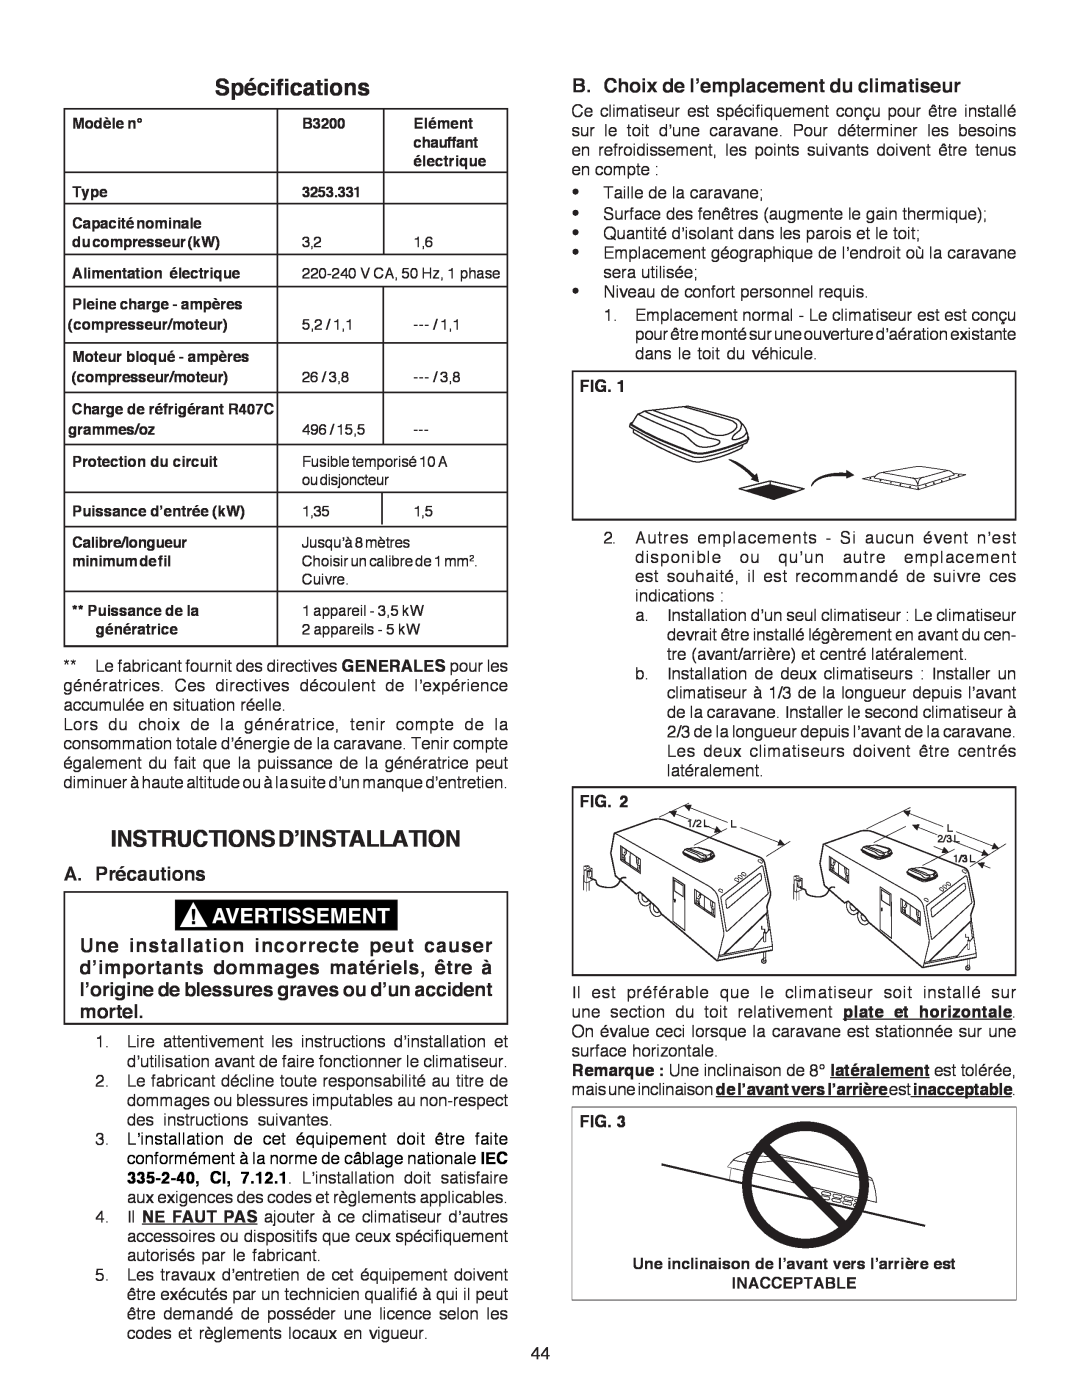 Dometic B3200 Spécifications, Instructionsd’Installation, A. Précautions, B. Choix de l’emplacement du climatiseur, Fig 
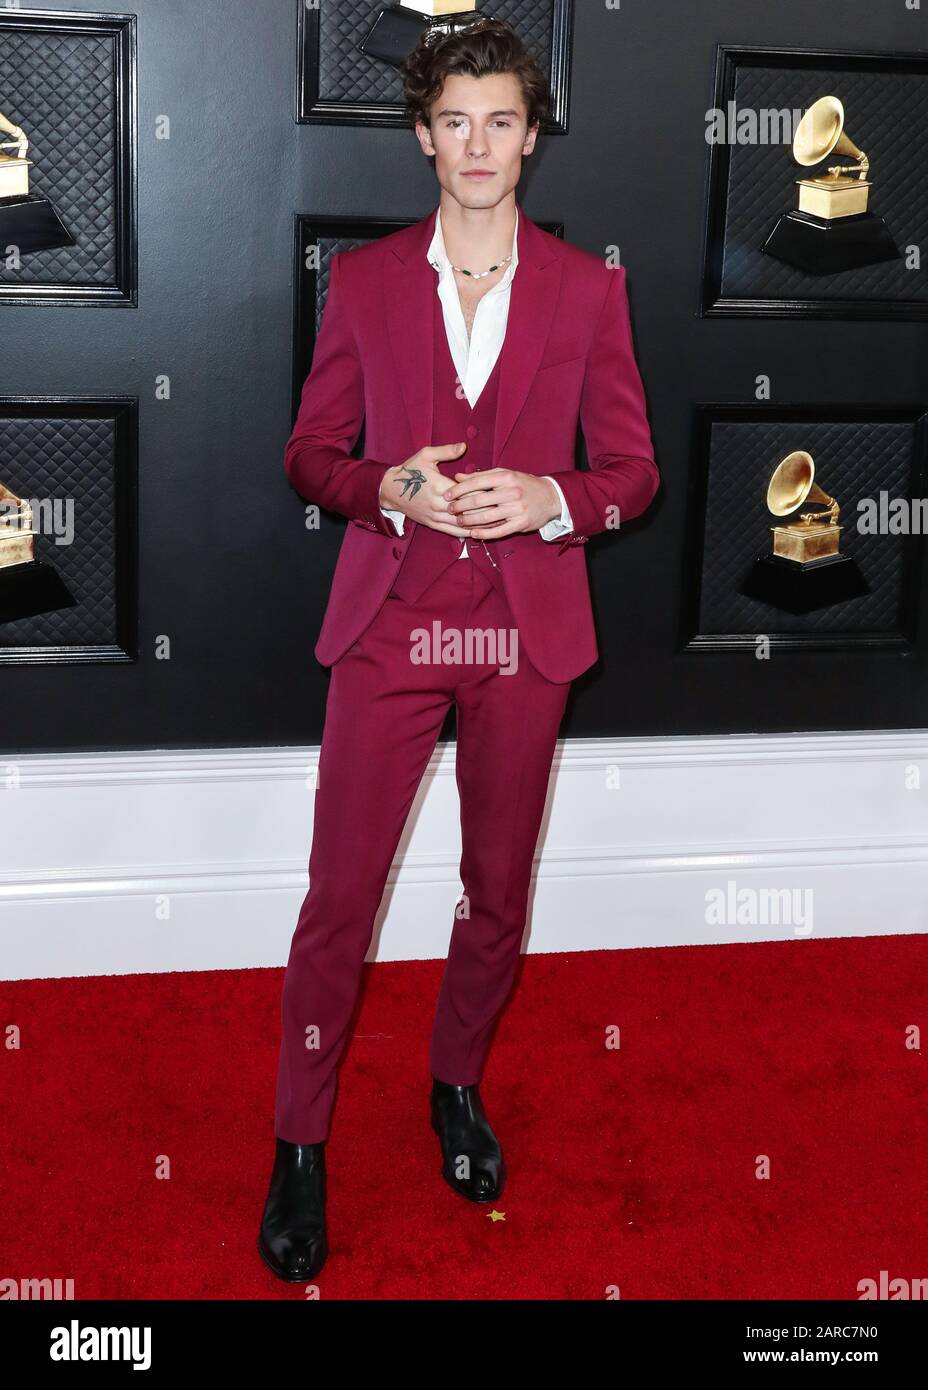 Los Angeles, Vereinigte Staaten. Januar 2020. Los ANGELES, KALIFORNIEN, USA  - 26. JANUAR: Sänger Shawn Mendes, der einen Louis Vuitton Anzug und  Bvlgari Schmuck trägt, kommt zu den 62. GRAMMY Awards, die
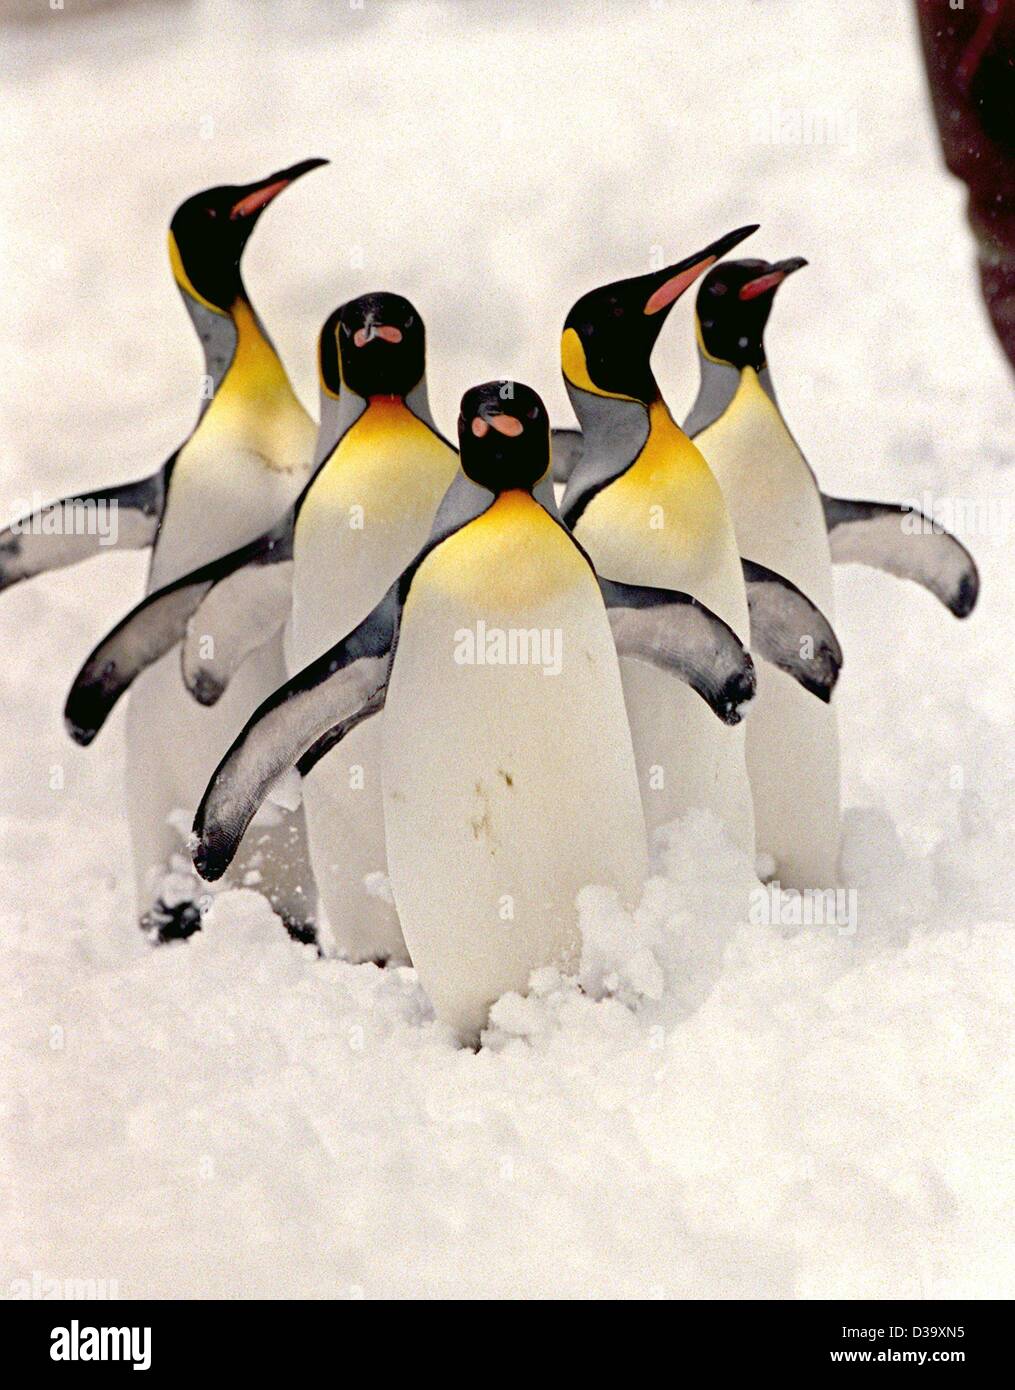 (Dpa) - Cinco pingüinos rey disfruta de la nieve en Munich's Zoo Hellabrunn el 23.11.1999. El frío invierno obtiene en Alemania más que sentirse como en casa. Foto de stock
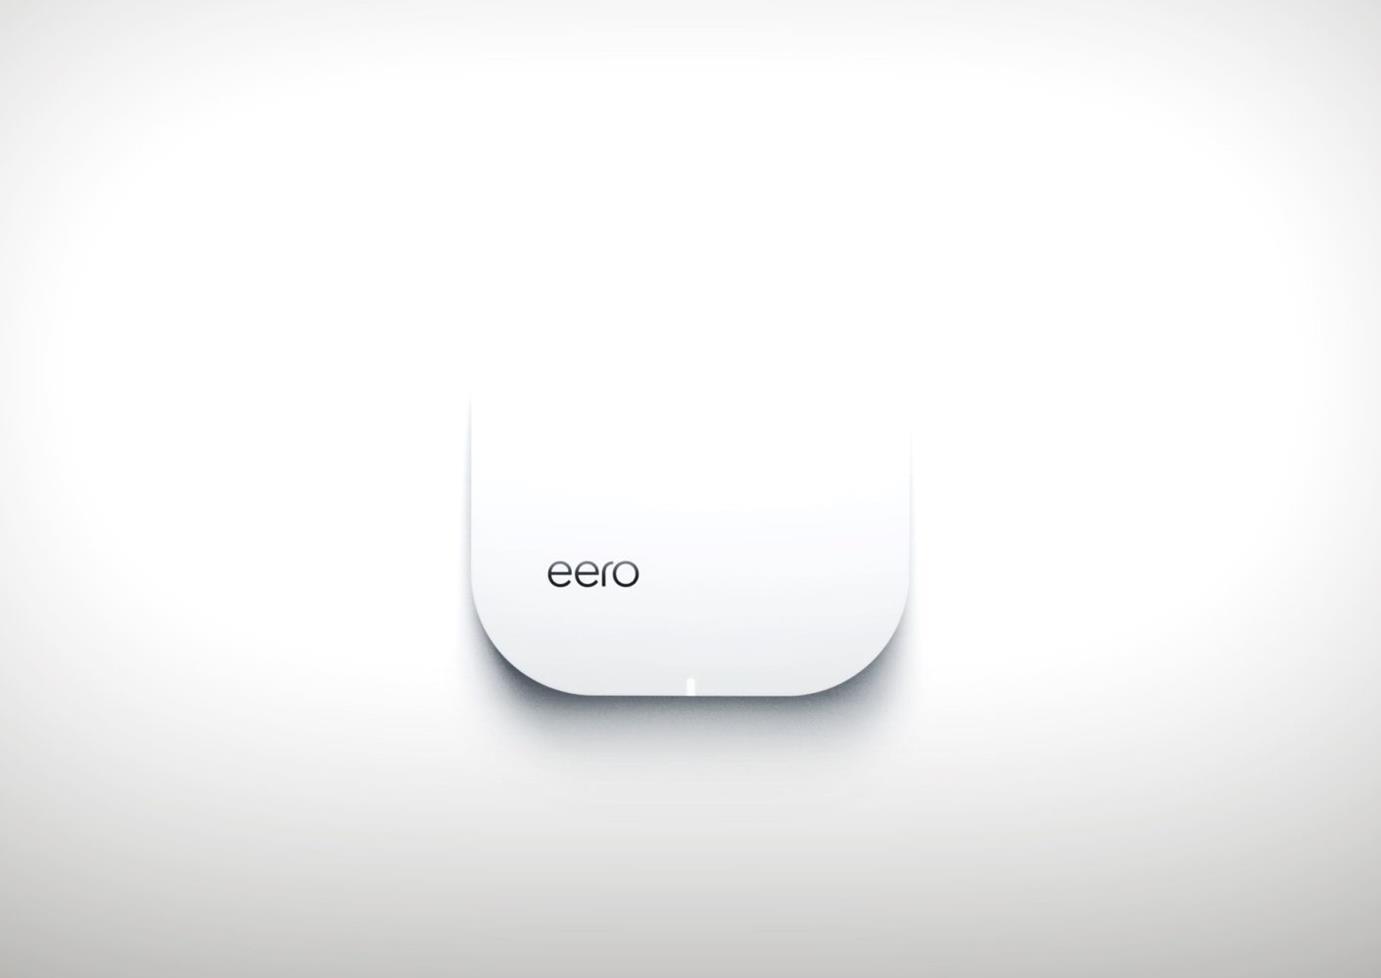 Eero va bientot mettre a niveau les routeurs WiFi equipes de la TS4dK 1 1
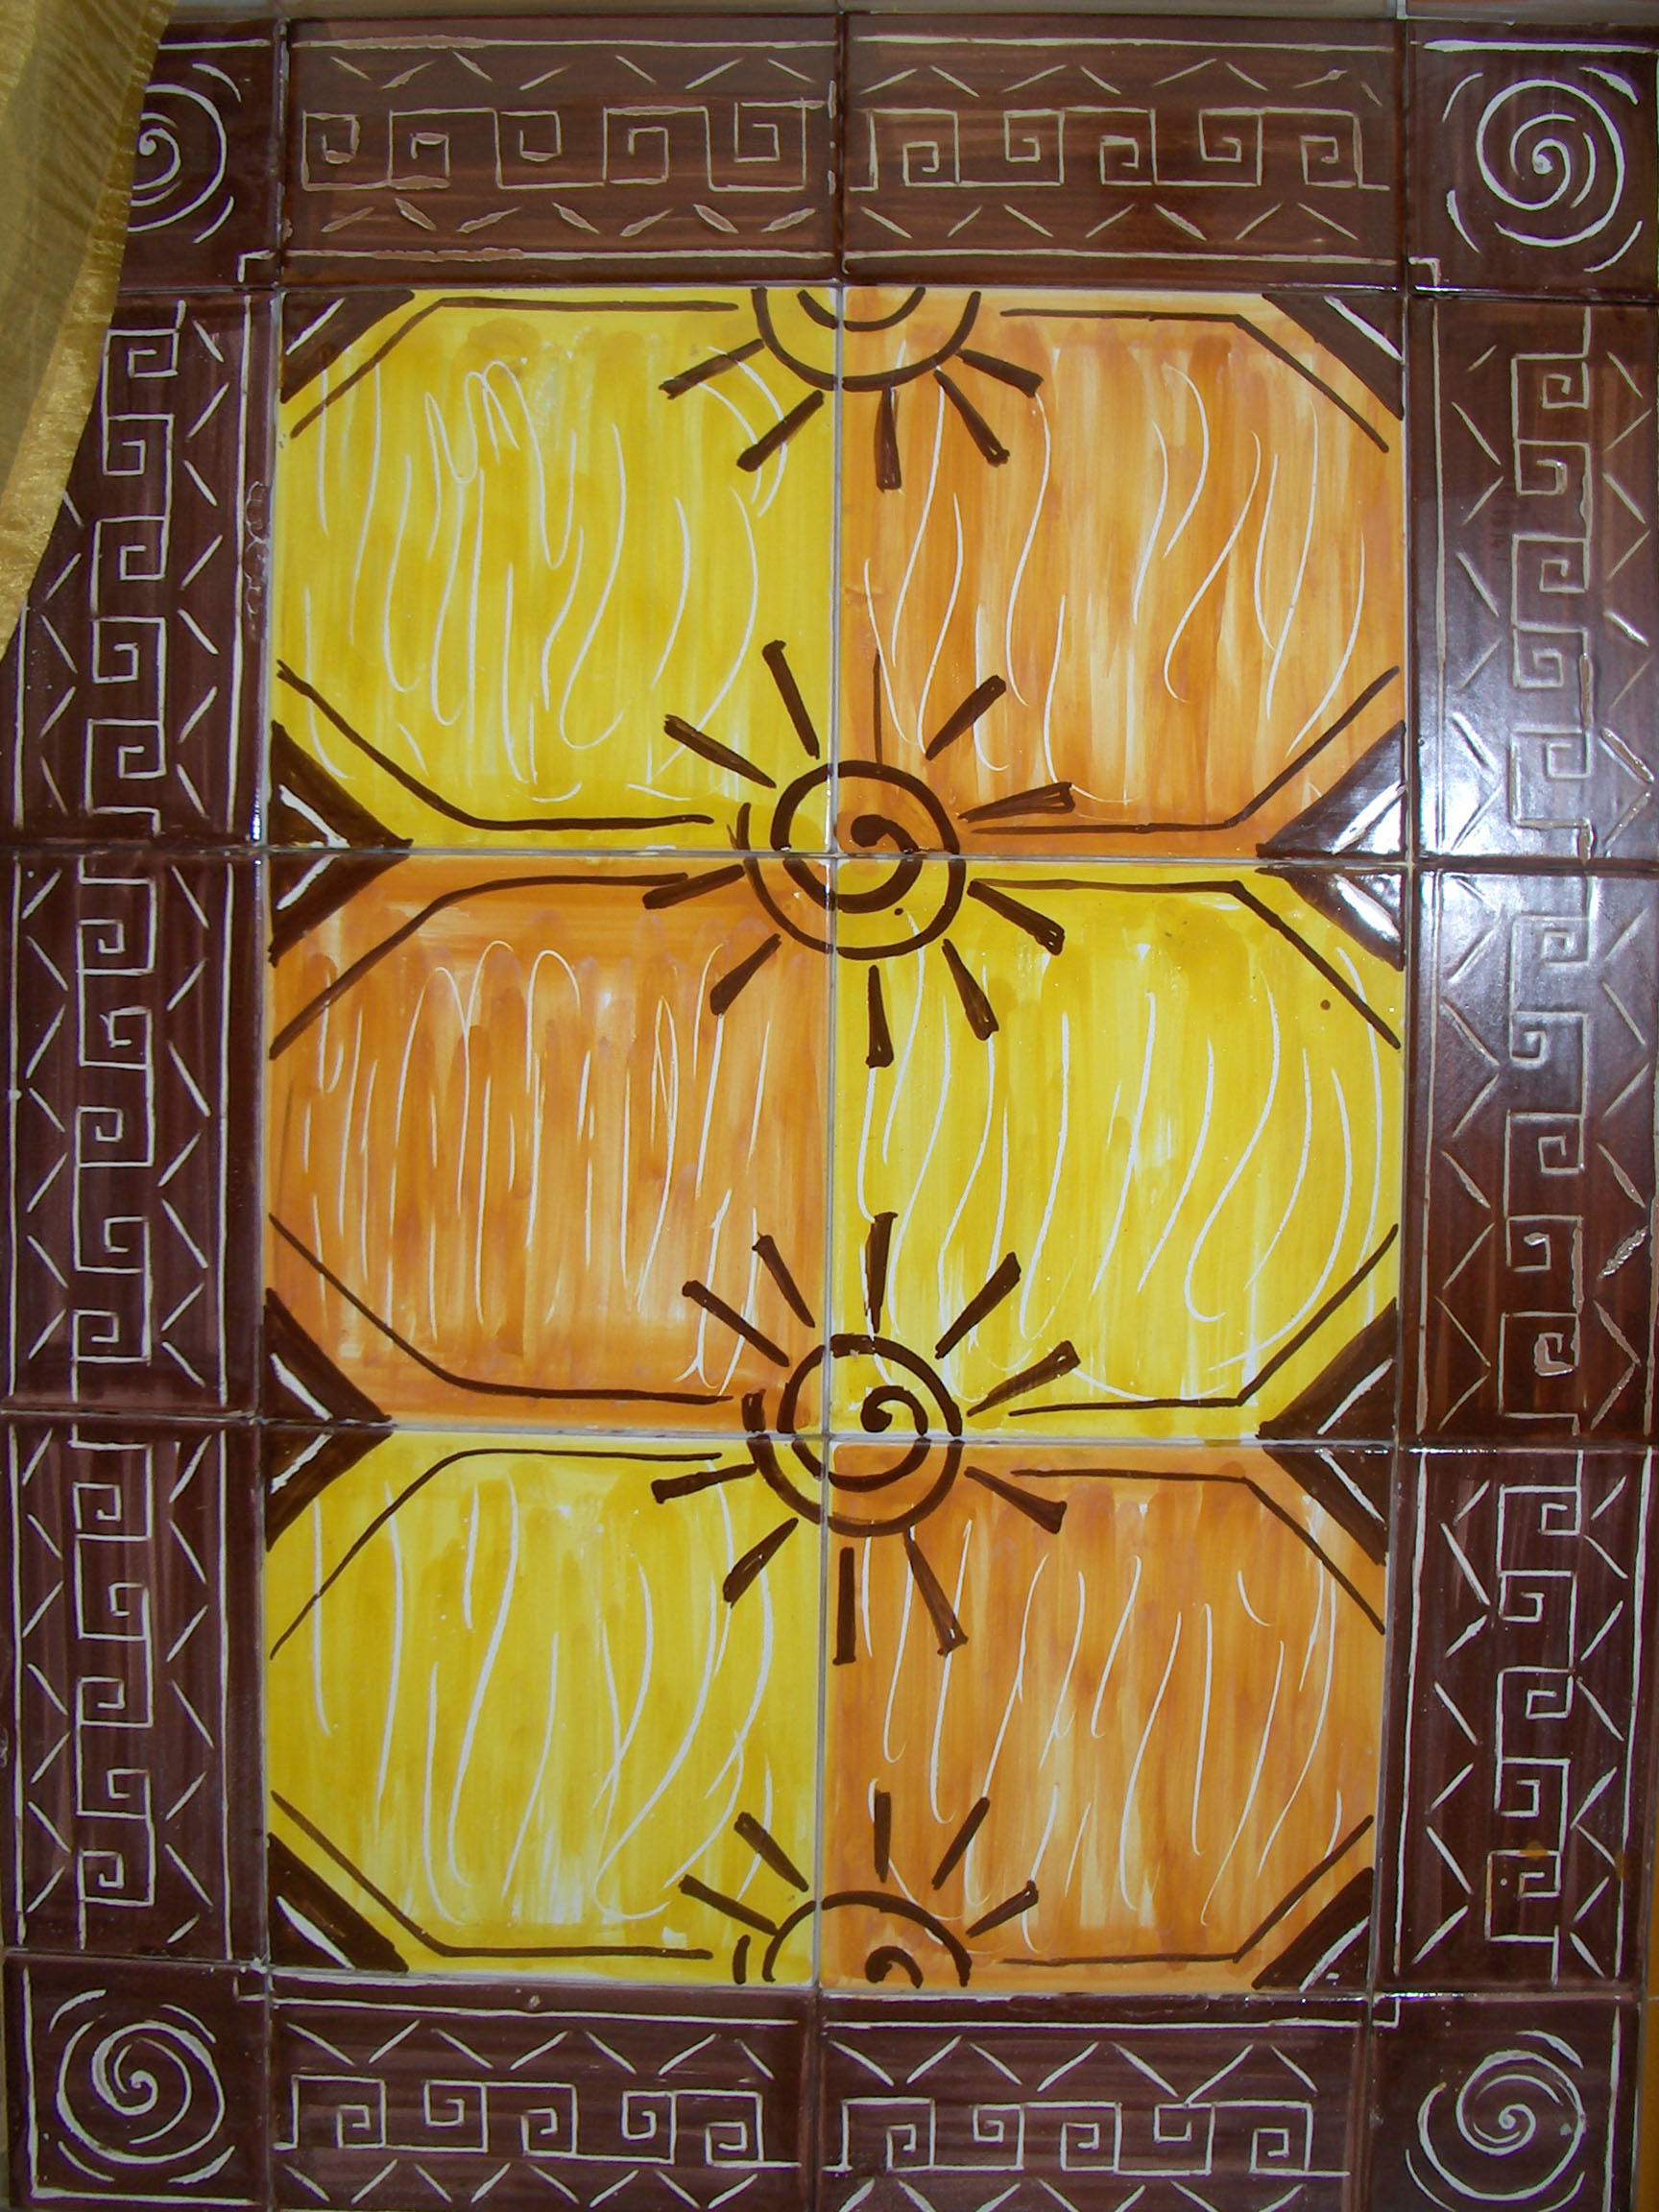 Pannello decorativo. Colori giallo, arancio e marrone

What is being asked
Drop the pictures and reproduce the rest of the entries above exactly.

Solution to this problem
 Dometic B3200 Spécifications, Instructionsd’Installation, A. Précautions, B. Choix de l’emplacement du climatiseur, Fig 
 Los Angeles, Vereinigte Staaten. Januar 2020. Los ANGELES, KALIFORNIEN, USA  - 26. JANUAR: Sänger Shawn Mendes, der einen Louis Vuitton Anzug und  Bvlgari Schmuck trägt, kommt zu den 62. GRAMMY Awards, die
 (Dpa) - Cinco pingüinos rey disfruta de la nieve en Munich's Zoo Hellabrunn el 23.11.1999. El frío invierno obtiene en Alemania más que sentirse como en casa. Foto de stock
 Eero va bientot mettre a niveau les routeurs WiFi equipes de la TS4dK 1 1
 Pannello decorativo. Colori giallo, arancio e marrone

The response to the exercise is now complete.